The Klute plot does not stand up to much scrutiny, nor is it ever engaging. The Gruneman character is not made to matter to anyone, and his disappearance is more of a MacGuffin than a source of tension. The mild horror elements are contrived and unconvincing, the repetitive piano tinkling on the soundtrack more tiresome than effective.

The real objective is to explore the psyche of Bree Daniels, and this is where Klute shines. Fonda, with that unforgettable haircut, delivers the performance of her career. Bree is a layered, complex and conflicted woman, both attracted and repelled by her chosen career, unable to connect with men except when she senses their desperate submission to her sexuality.

For Bree, John Klute becomes both a danger and a lover, a man she begins to care about and who can demonstrate a different type of attachment, and Bree finds the potential both thrilling and terrifying.

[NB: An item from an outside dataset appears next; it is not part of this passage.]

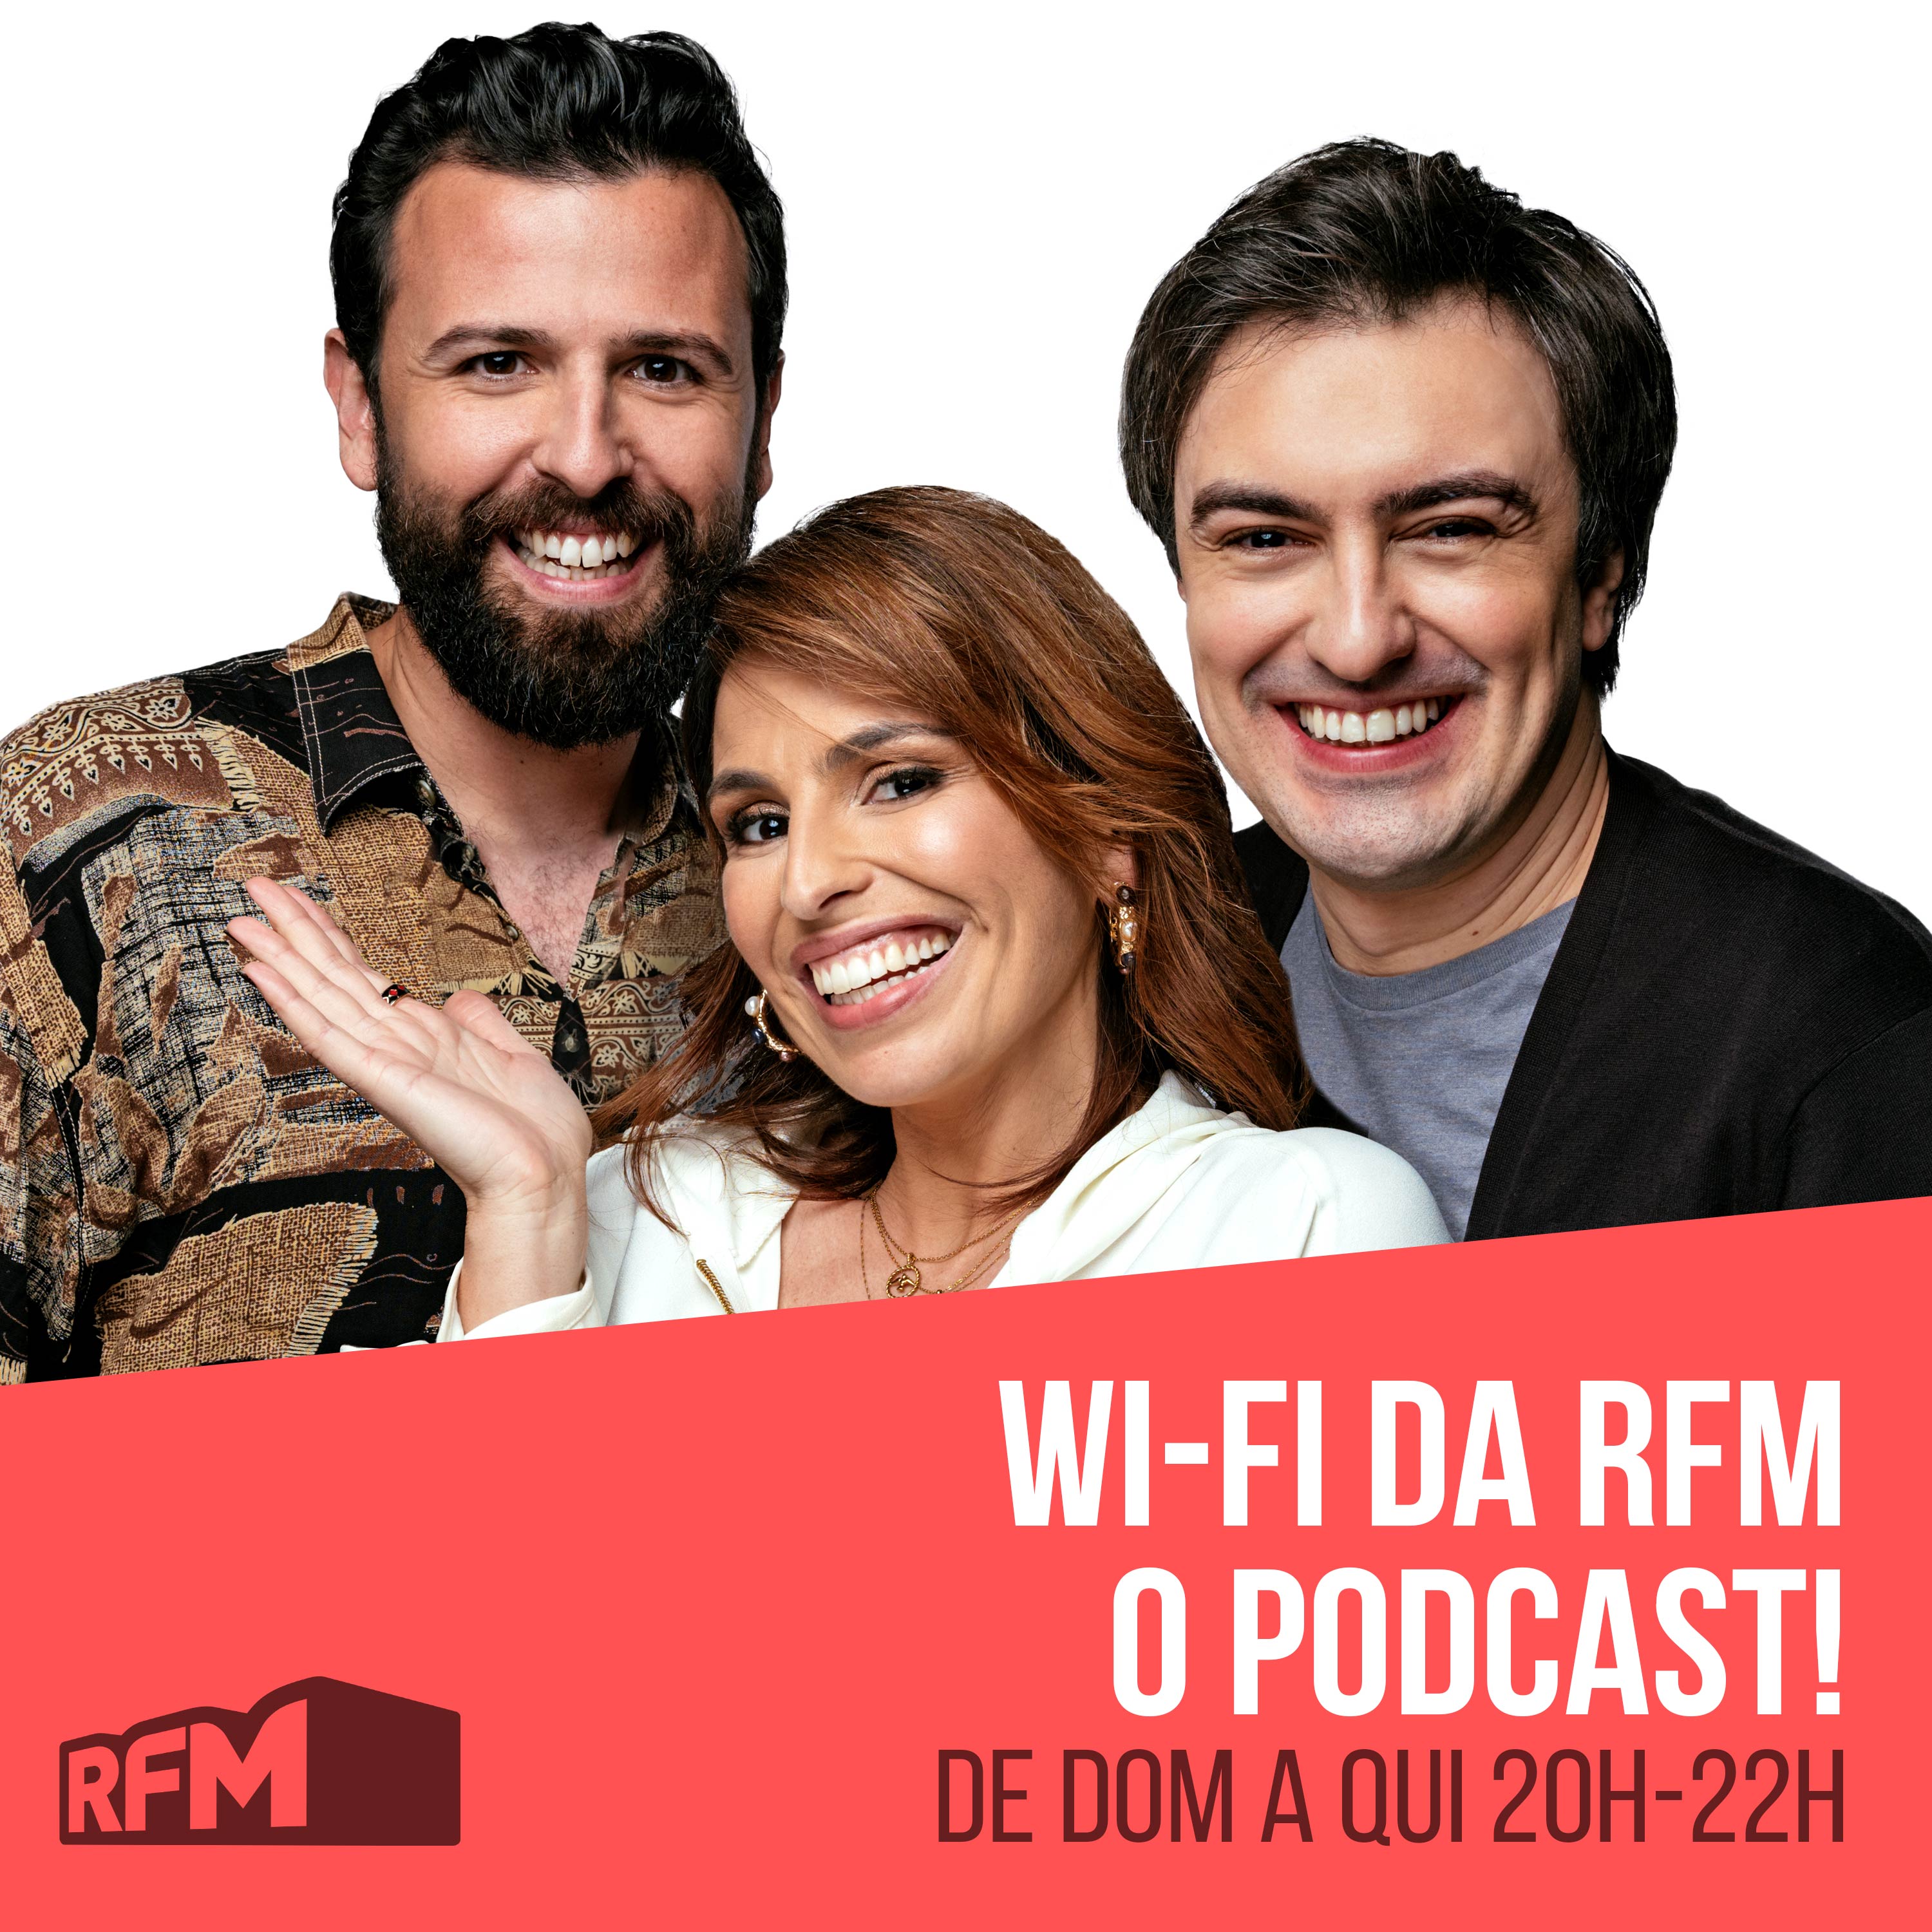 Wi-Fi PODCAST MATIAS DAMÁSIO
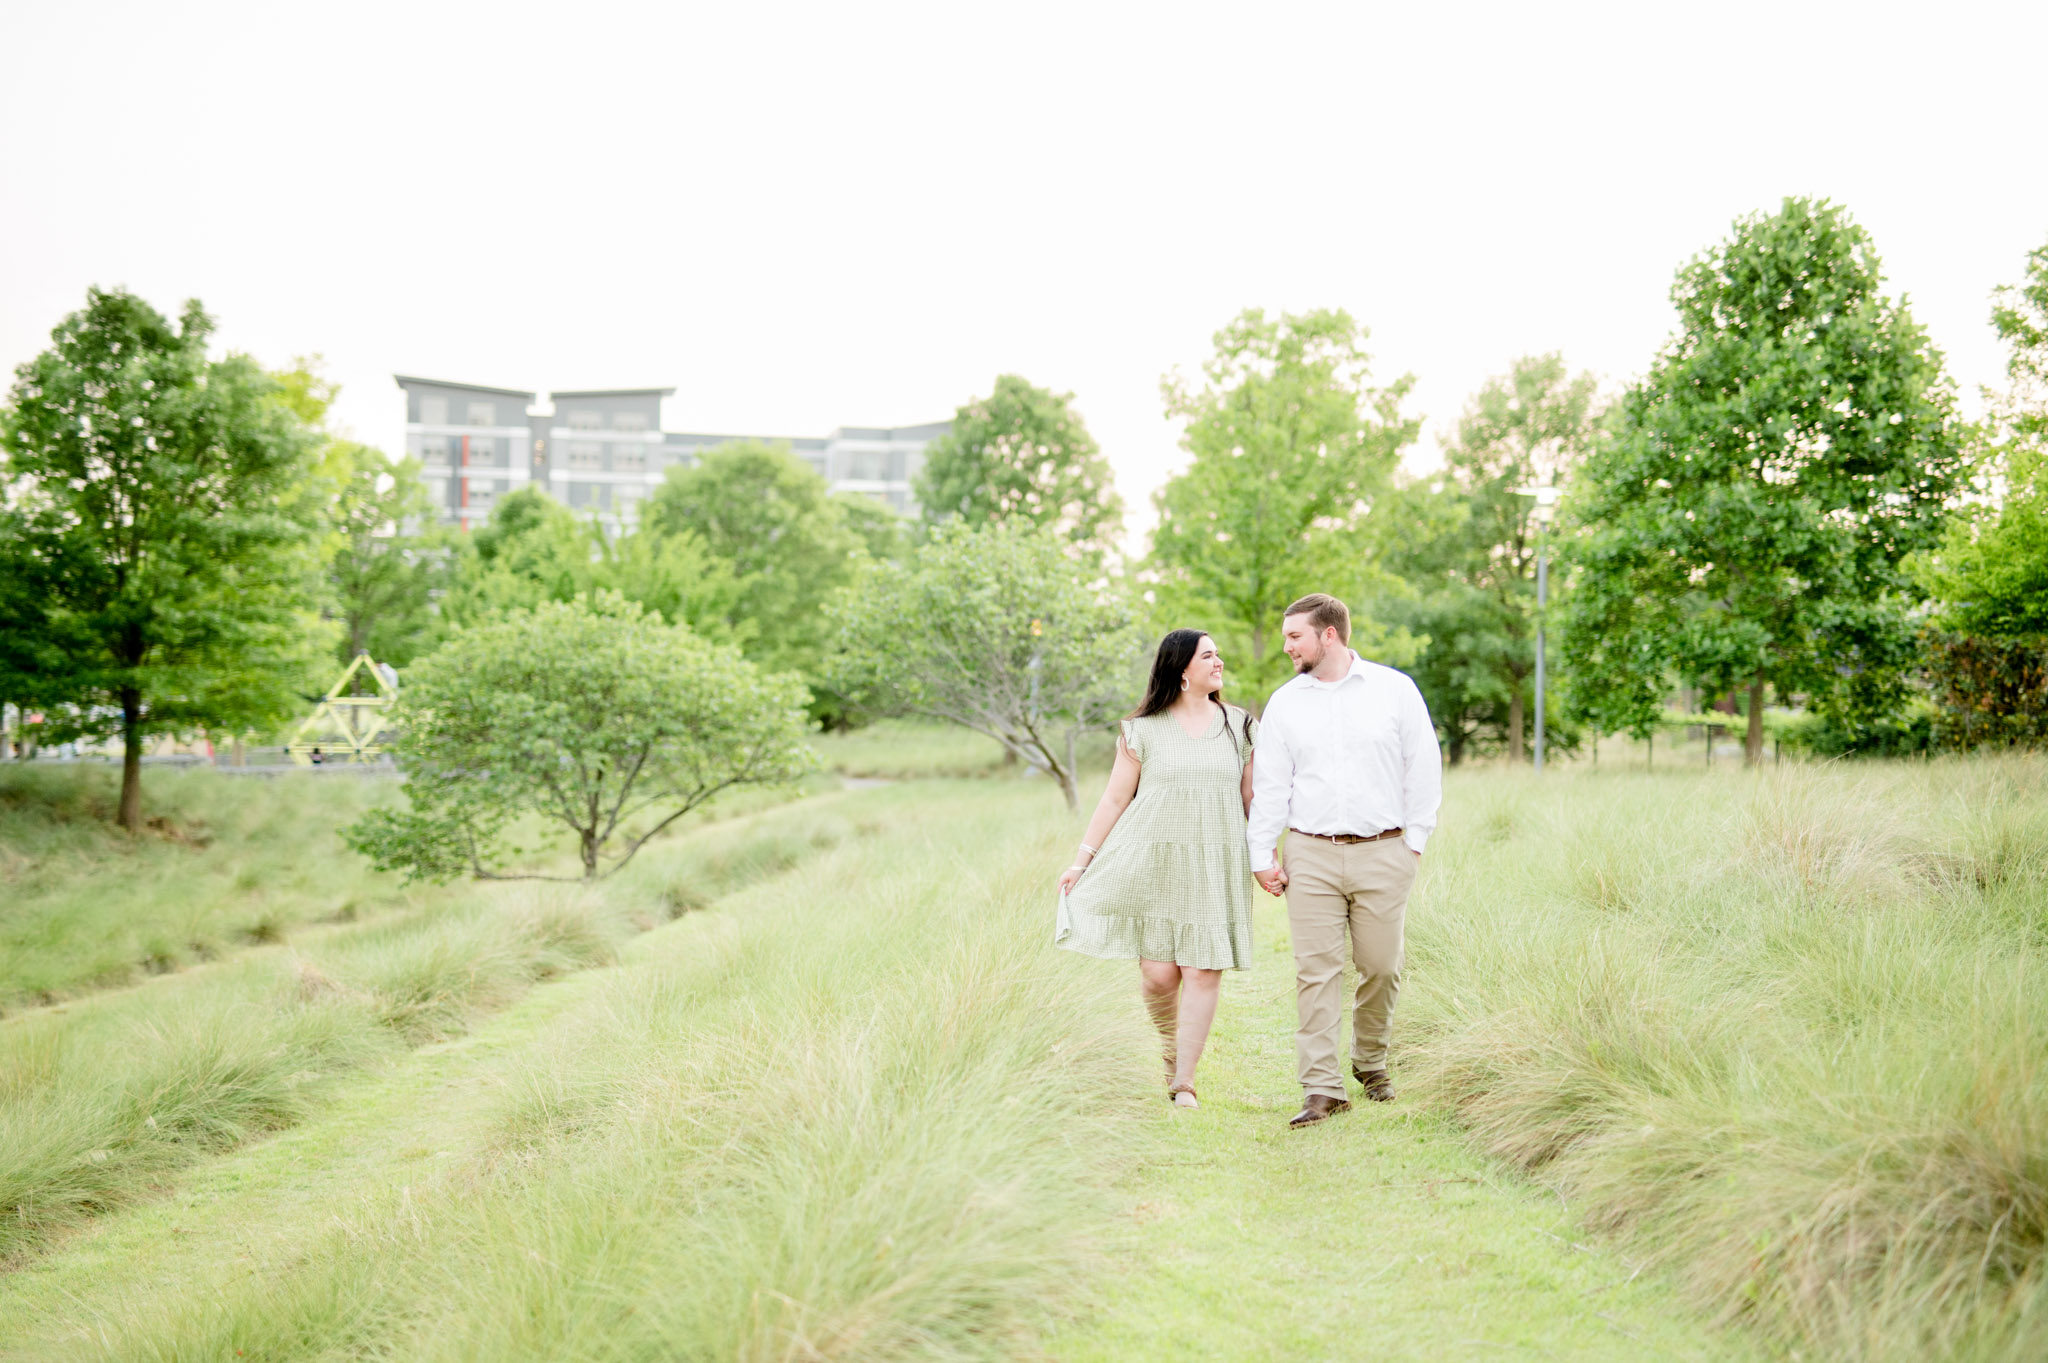 Couple walks through grassy field.

Fonda breaks down into quiet, powerful tears near the movie's climax in a moment of despairing raw emotion, Bree confronting the stark reality about a customer but more importantly confronting her overall life's losses.

If there are reasons why Donald Sutherland is more famous as an engaging supporting actor than a leading star, they are found here. Given the opportunity to star, Sutherland goes through Klute with a single expression of low-key determination mixed with recognition that he is wading in waters much murkier than he is used to. It is an effective but subdued performance, very much leaving centre stage clear for Fonda to shine. Roy Scheider hints at an interesting character as Frank the sleazy pimp, but the role is more truncated than it needed to be.

Alan J. Pakula directs with an eye for unrelenting darkness, Klute drenched in shadows, blacks, browns and dim yellows. There is no glamour in Bree's world, there is no humour in the script, and Klute's journey has discovery but no satisfaction. The New York locations are suitably downbeat, with dank apartments, the dishes always left unwashed.

Bree Daniels is a more interesting character than the movie that she is in, and Jane Fonda's performance of uncommon quality is the one real reason to take a journey to New York City with Klute.